El orden internacional y el genocidio argentino

Cuando se procesó en Argentina la ejecución de más de 30.000 personas, entre los años 1976 y 1983, casi no hubo presiones internacionales para parar la matanza. Digo casi, pensando en las presiones del gobierno Jimmy Carter para tratar de impedir la ejecución del profesor Mauricio López, en la provincia de San Luis. Por lo demás, la llamada comunidad internacional no pareció molestarse demasiado con las crueles torturas aplicadas por la camarilla militar comandada por los genocidas Videla, Massera y Agosti al grueso de la población civil desarmada.

Años después, algunos países como Francia, Alemania, España, parecieron despertar del olvido. Las monjas francesas asesinadas. Ciudadanos de otros países asesinados. No interesaban los muertos argentinos. Esos podían morir nomás, como murieron, como morimos todos un poco. No se ven tribunales internacionales de justicia juzgando el genocidio.

Yo me pregunto si nos dejaron morir porque no éramos judíos, no éramos algo importante para el capital. Carne de cañón, eso deben haber pensado que éramos. No ignoro, y debo resaltar, el papel del ACNUR, del Consejo Mundial de Iglesias, del Servicio Universitario Mundial, Caritas, y otras entidades que socorrían sobrevivientes. El CIDH de la OEA también se jugó, hay que decirlo. Pero, ¿Y los gobiernos? ¿Y el mundo? Miraban hacia otro lado.

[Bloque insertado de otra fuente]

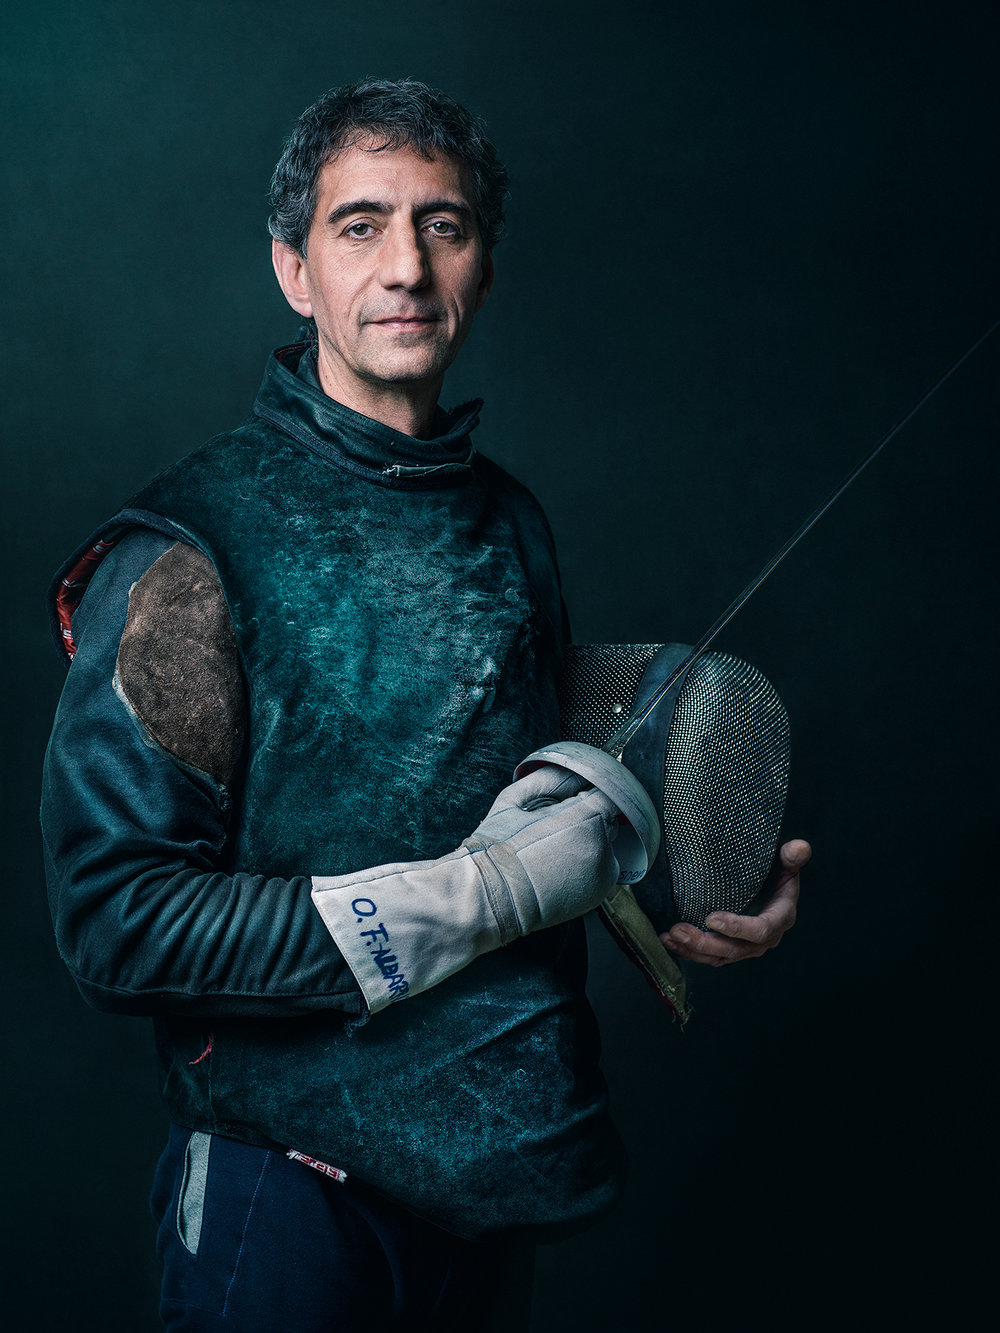 Oscar-arribas-esgrima-maestro-fencing-master-fencer-fechten-scherma-escrime-portrait-fotografo-retrato-photographer019.jpg
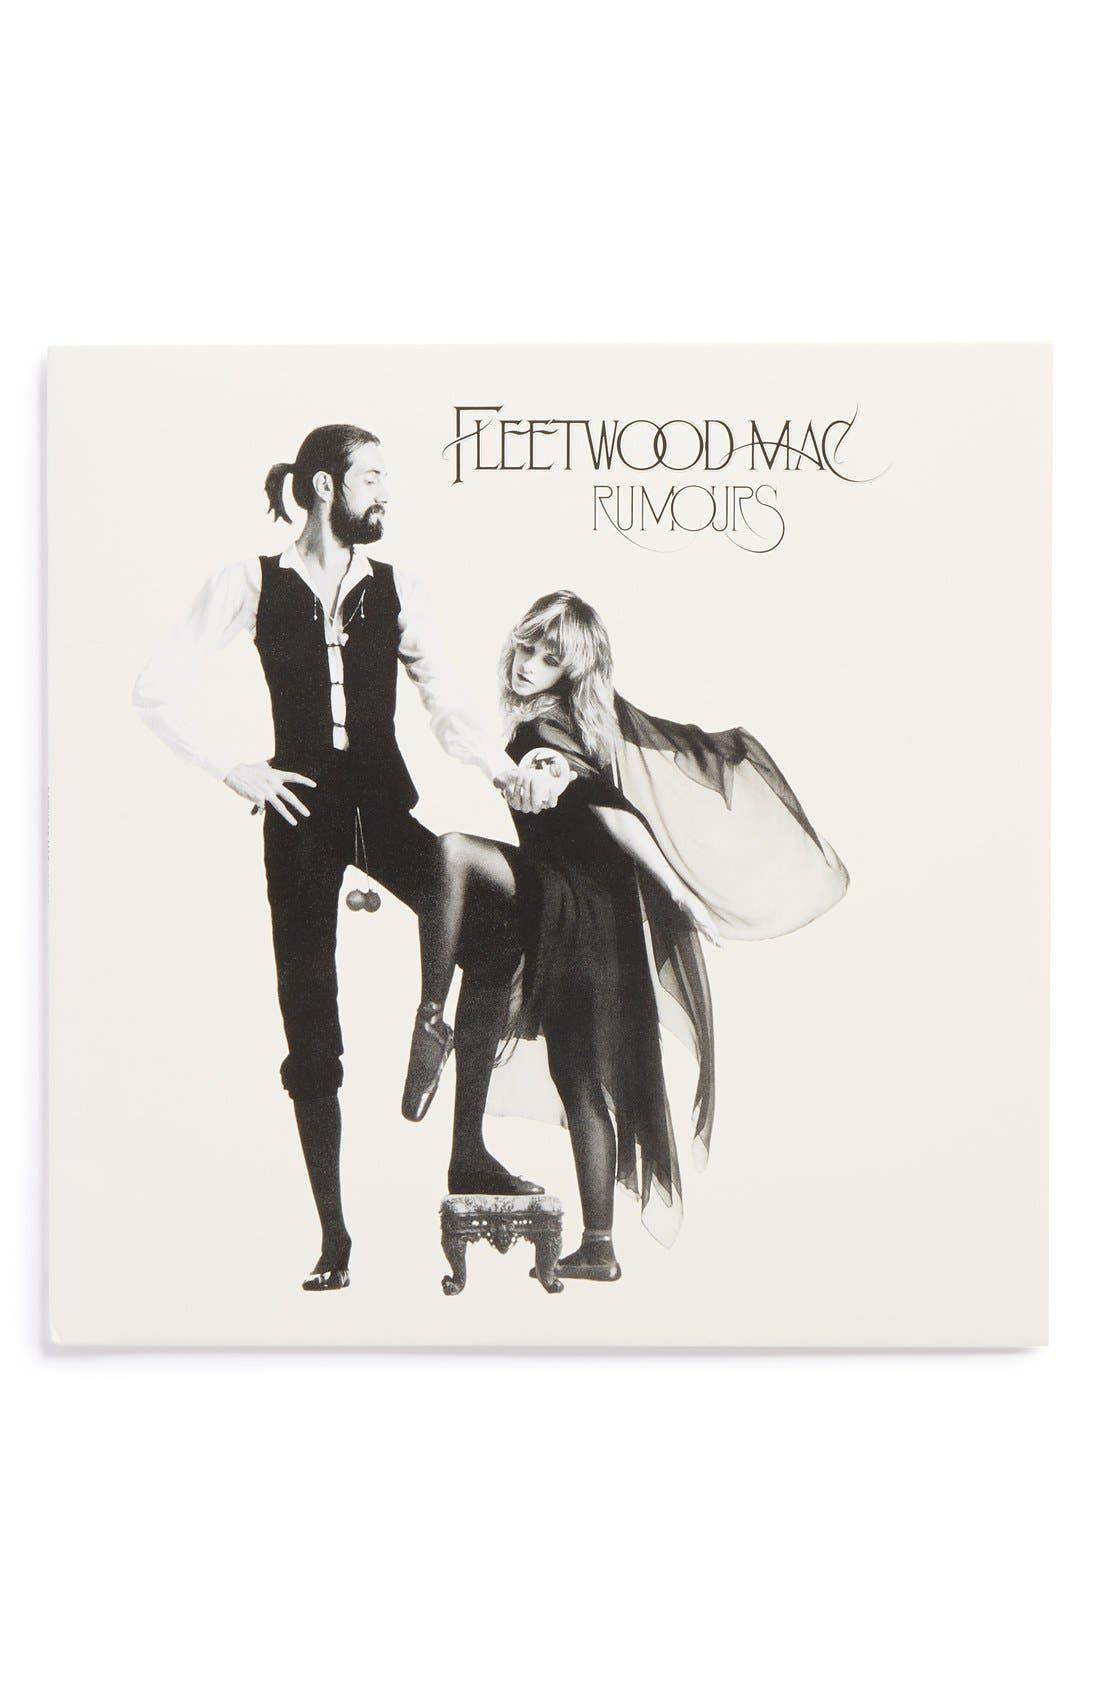 Fleetwood Mac 'Rumours' LP Vinyl Record

Los judíos la pasaron mal en el genocidio. La crueldad de los bárbaros era encarnizada con ellos, no lo ignoro. Pero esto se supo después, al menos, lo supe después. Se encarnizaban con la minorías, el odio nazi a lo diferente. ¿Qué Argentina quedó después de eso? Han pasado muchos años. Pasaron años, y no pasaron. De algún modo, es algo que no pasa. Hay días que parece tan lejos. Hay horas que pienso que el olvido podría llegar. Pero no sin justicia. Los muertos, y todos quedamos un poco muertos, en algún sentido muy heridos por la bárbara matanza, por la innominable traición, por la felonía nazi perpetrada contra el pueblo argentino, clamamos por justicia. En algún sentido a todos nos mataron, mataron a la nación argentina, mataron la inocencia, en algún sentido.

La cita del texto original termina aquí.